Auch bei den Charakteren kann ich definitiv nicht meckern. Die Protagonisten sind ein wilder Haufen aus verschiedenen "Wesen" mit den unterschiedlichsten Schwächen und Stärken. Ich finde, dass es unglaublichen Spaß gemacht hat, dieser Konstellation innerhalb von „Das ewige Feuer“ zu folgen. Manche aus dieser Truppe haben mir natürlich besser gefallen – allen voran Ari, Lucian, Toby und Gideon. Das lag vermutlich daran, dass Lucian als Primus, Toby als Hexenmeister, Gideon als Jäger und Ari ... eben als Ari (zu beschreiben, was genau sie ist, würde an dieser Stelle wohl spoilern) vier unterschiedliche Wesen miteinander kooperieren müssen und damit vier unterschiedliche Positionen einnehmen. Die verschiedenen Spannungen der Charaktere durch ihre Art fand ich toll dargestellt – schließlich kann nicht jeder mit jedem. Am Ende aber müssen sie alle zusammenarbeiten, um Ari vor dem Bösen zu schützen – auch wenn sich das nicht immer als einfach erweist und zu Konflikten führt (was mich im Übrigen sehr oft amüsiert hat!).

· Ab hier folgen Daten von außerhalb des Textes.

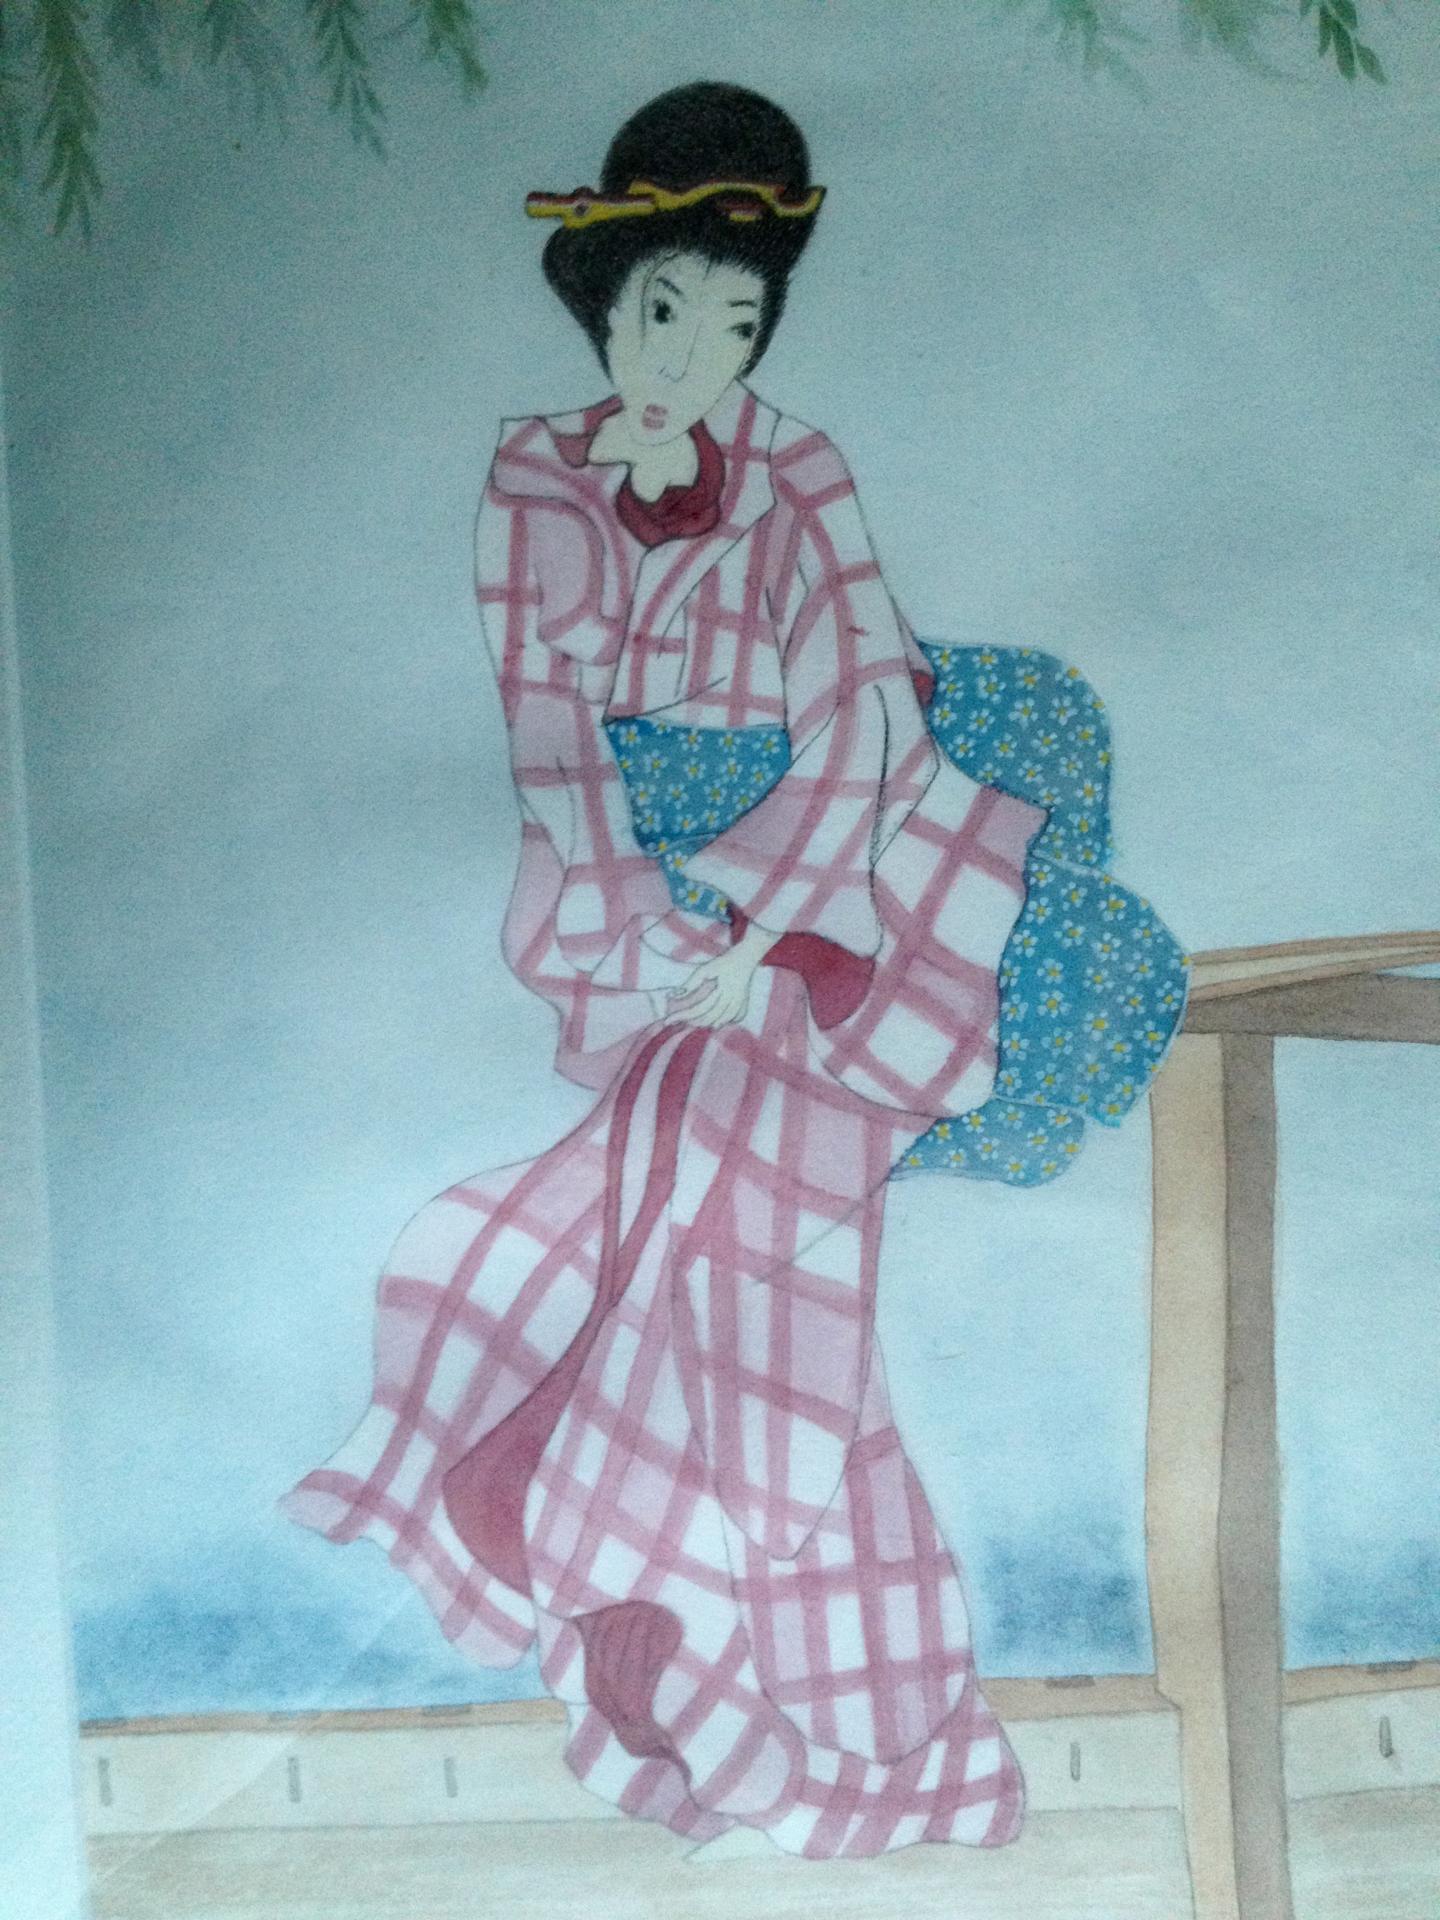 Le charme de la geisha Karima Desmazieres

Jetzt ist natürlich die Frage, was im zweiten Band passieren wird, denn für mich war die Geschichte in „Izara – Das ewige Feuer“ mehr oder weniger abgeschlossen und weniger offen, als ich es mir für den Auftakt einer Dilogie vorgestellt hätte – ich mag eben einfach fiese Cliffhanger. Nachdem ich den Klappentext des zweiten Teils gelesen habe, kann ich mir allerdings sehr gut vorstellen, welche Abenteuer noch auf Ari und Lucian warten und ich bin außerordentlich gespannt, ob die Autorin das hohe Niveau des ersten Bandes wird halten können.

Fazit
„Izara – Das ewige Feuer“ ist ein eindrucksvolles Buch, das mit einem großartigen Plot von vorne bis hinten unterhält und gigantische Spannungsbögen liefert. Zudem sind die Charaktere äußerst liebenswert und einnehmend ausgearbeitet, dass man die Geschichte rund um Ari und Lucian einfach lieben muss. Ich kann dieses Buch in jedem Fall empfehlen und ich freue mich auf die Fortsetzung.